Compiler design

This section deals with the design of the compiler for this language. For reasons of simplicity, the compiler will not feature any code optimisation at this time. A grammar for the language is presented in Appendix A. A syntax-directed defintion is not presented for the moment, although this will appear in the final project.

Compiler Overview

This compiler will be a one-pass compiler. In the initial revision, the compiler will not produce any intermediate files - this is to ensure that an initial version of the compiler and interpreter can be developed and tested in the shortest possible time. The design of the compiler will take into account the possibility of imported symbols in the future.

Parse
|
Resolve symbols
|
Evaluate constants
|
Semantic analysis
|
Produce intermediate code
|
(Optional) Optimise
|
Produce code

Figure 6 - compiler execution overview

This is a working overview of the stages the compiler will take. It deviates from the classical design as presented in [1] due partially to the design of the language, in particular the unusual cases of constants and the implicit forward definition of all functions and variables, which must be resolved after parsing. Lexical and syntactic analysis is covered in the 'parse' phase.

Parser output

This section is primarily a place-holder and contains notes about the data structures output by the parser. It will eventually by replaced by a section containing a more formal definition of the parser's functions. It may not be clear at this point what a 'block' is - it is any section of source code that is enclosed by square brackets.

Levels and scope

A symbol is a name associated with a type (object), variable or function. It may be defined as a global variable (top-level), or as part of an object definition or code block. As definitions and code blocks can be defined recursively, a symbol can therefore be considered to be on a 'level', which essentially means the number of unclosed square brackets that precede the declaration of a symbol. Each symbol also has a scope associated with it - this is either global or until the closing square bracket that terminates the level that the symbol was declared on.

Symbol resolution and constant evaluation

In many languages it is a usual requirement that a function, type or global variable must be declared before use. This language is unusual in that it specifically allows these constructs to be used before they are declared. No checks on the existance of symbols can therefore be made before all code has been analysed (and in later versions of the compiler, also until all symbol tables have been loaded). Symbol resolution is therefore performed after the files have been parsed.

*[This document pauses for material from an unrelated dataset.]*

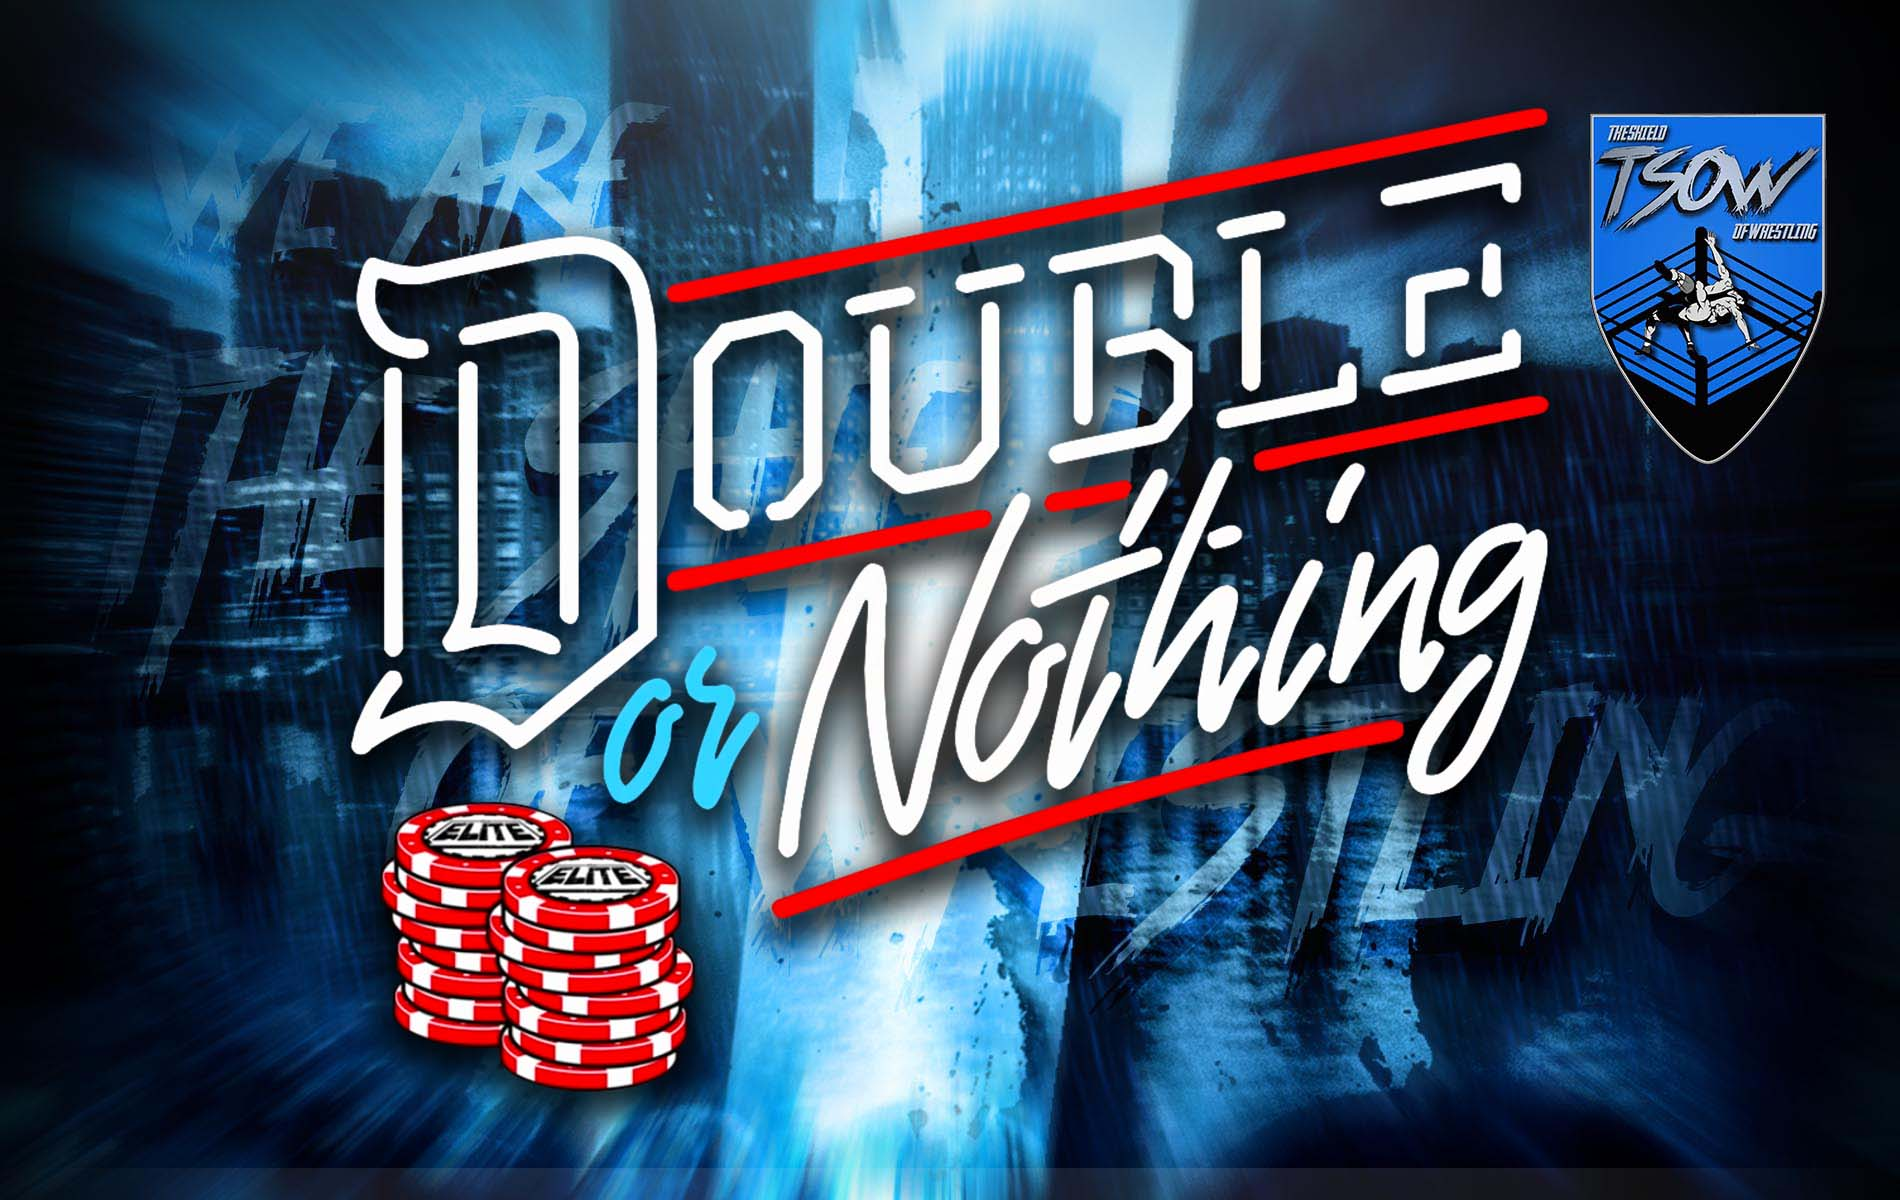 Double or Nothing: per Dave Meltzer è stato un successo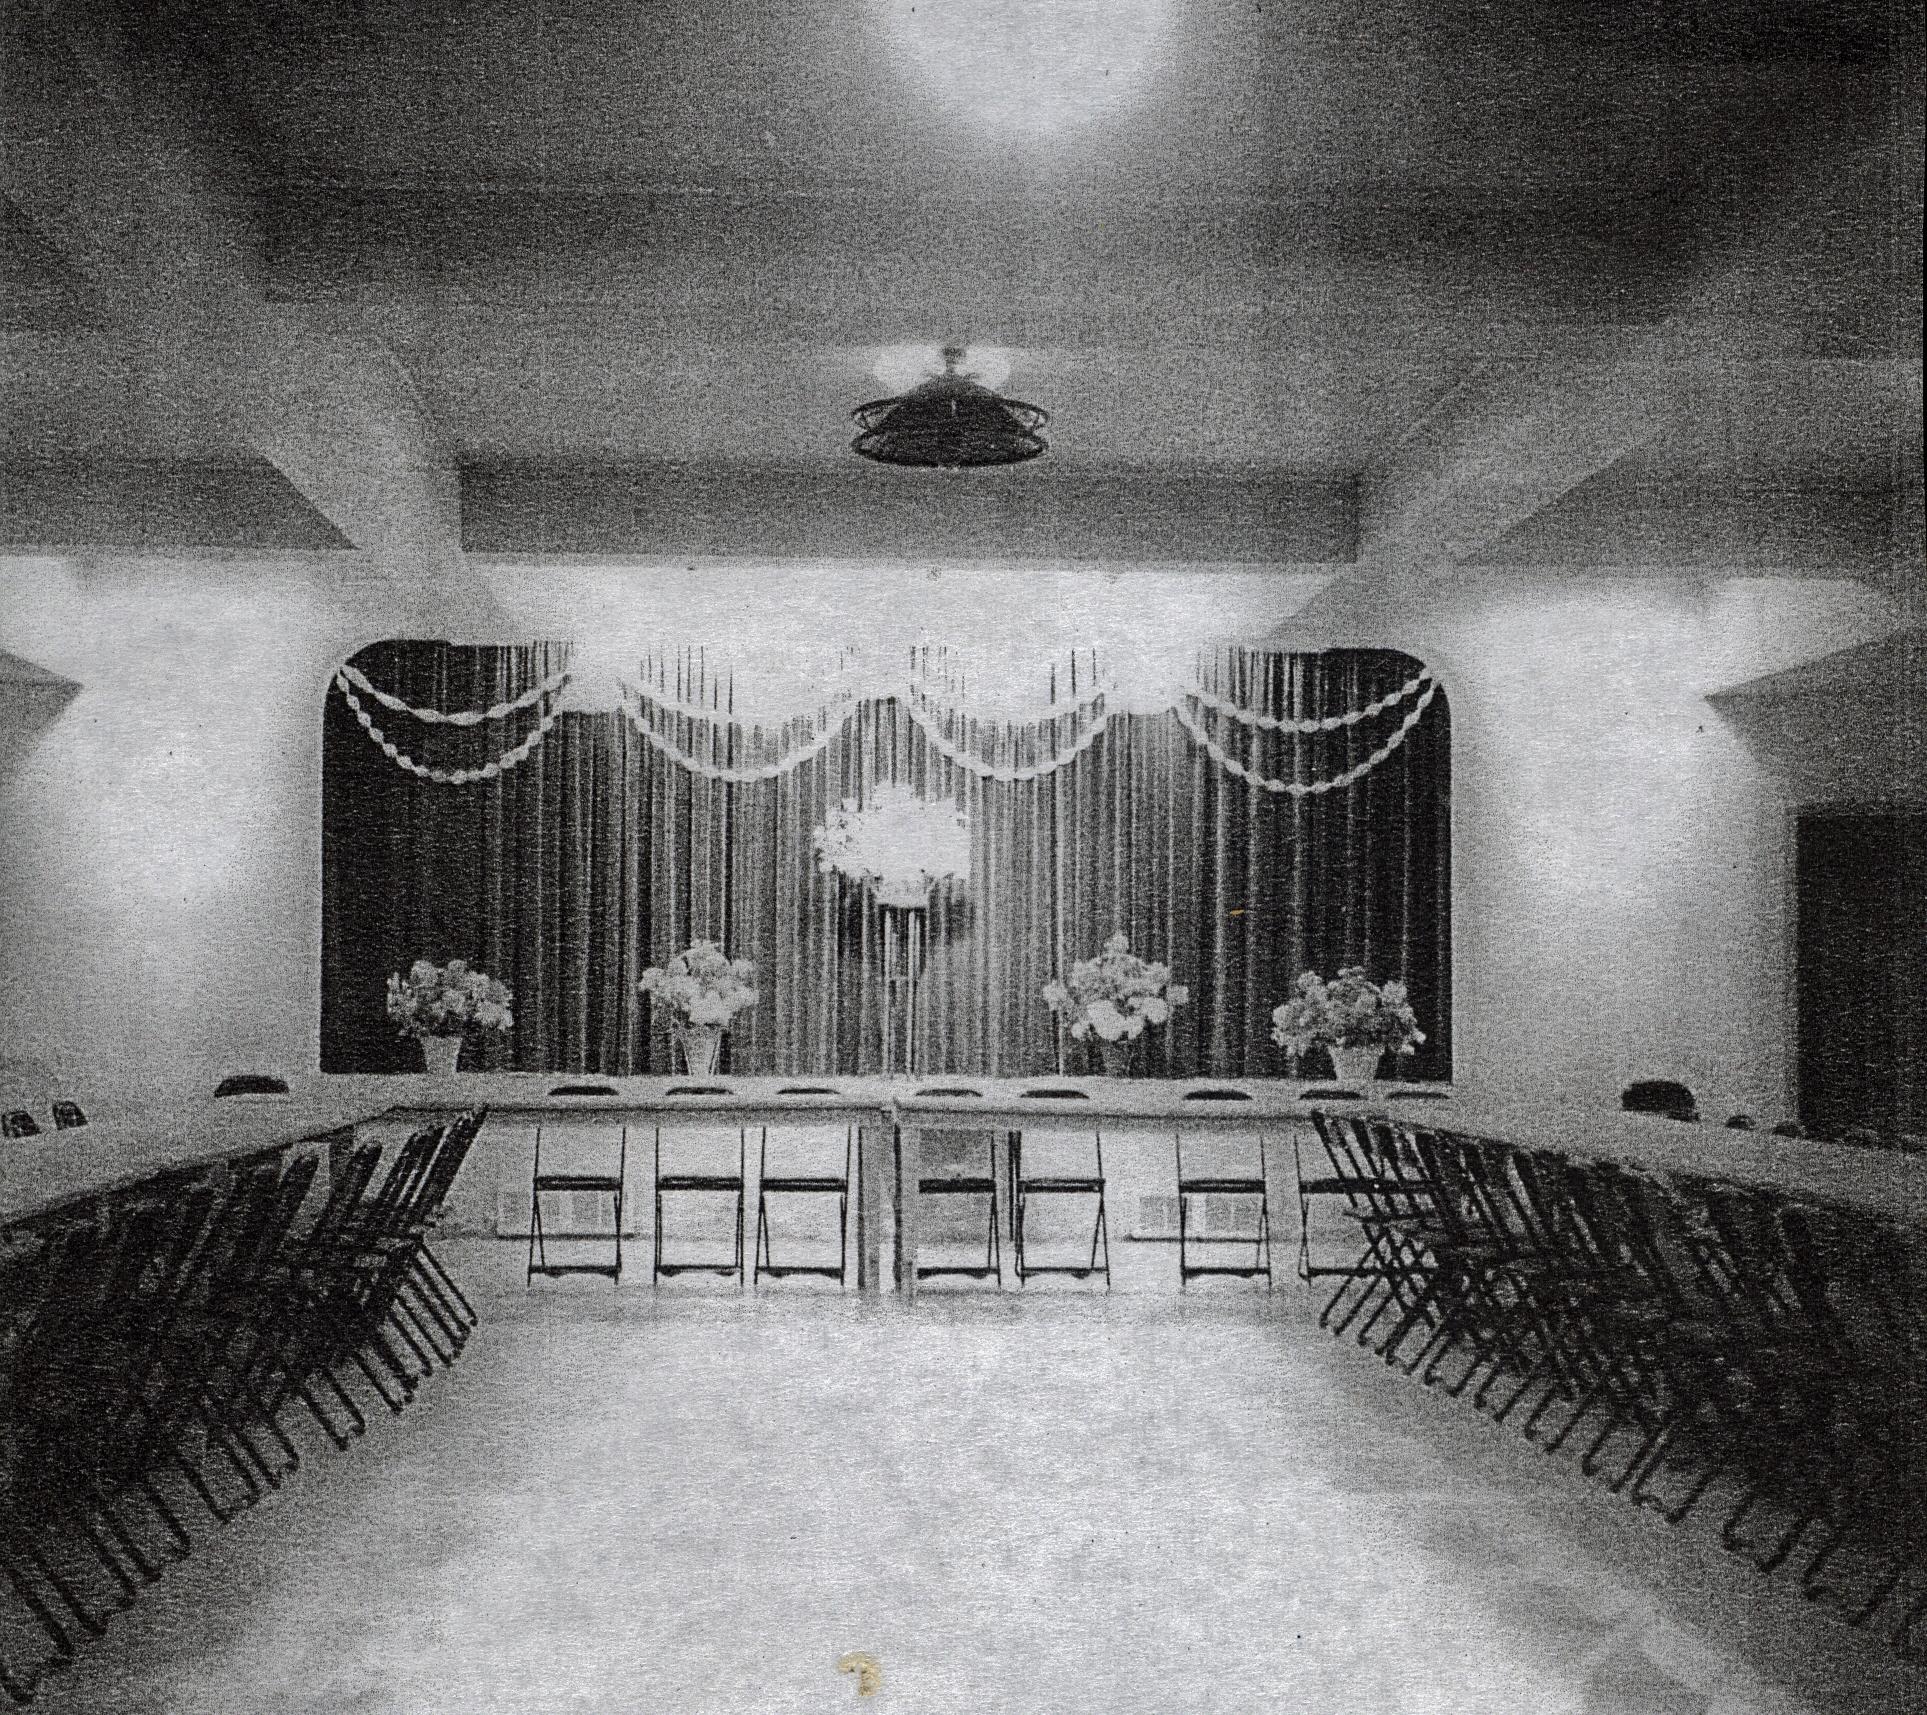 Roman Catholic Church Parish Hall, decorated for wedding of Bernard Doyle and Mary Shannon

The first phase of symbol resolution is to check for any errors in the tables produced by the parser. In particular, no two named objects should have the same name. That is, no type should share a name with a variable or function defined at the same level as the original definition. In addition, no symbol should have a name that is a reserved word, but this condition should be noticed as a syntax error by the parser.

The next phase is to discover which declaration each symbol reference in the parsed code refers to. A reference also has a level and scope at which it appears (worked out in the same way that a declaration's level is). The reference is resolved to be a symbol with the correct name that is in the same scope as the reference and on the highest possible level. The only error that can be produced by this phase is the case where a symbol that is not defined is referred to.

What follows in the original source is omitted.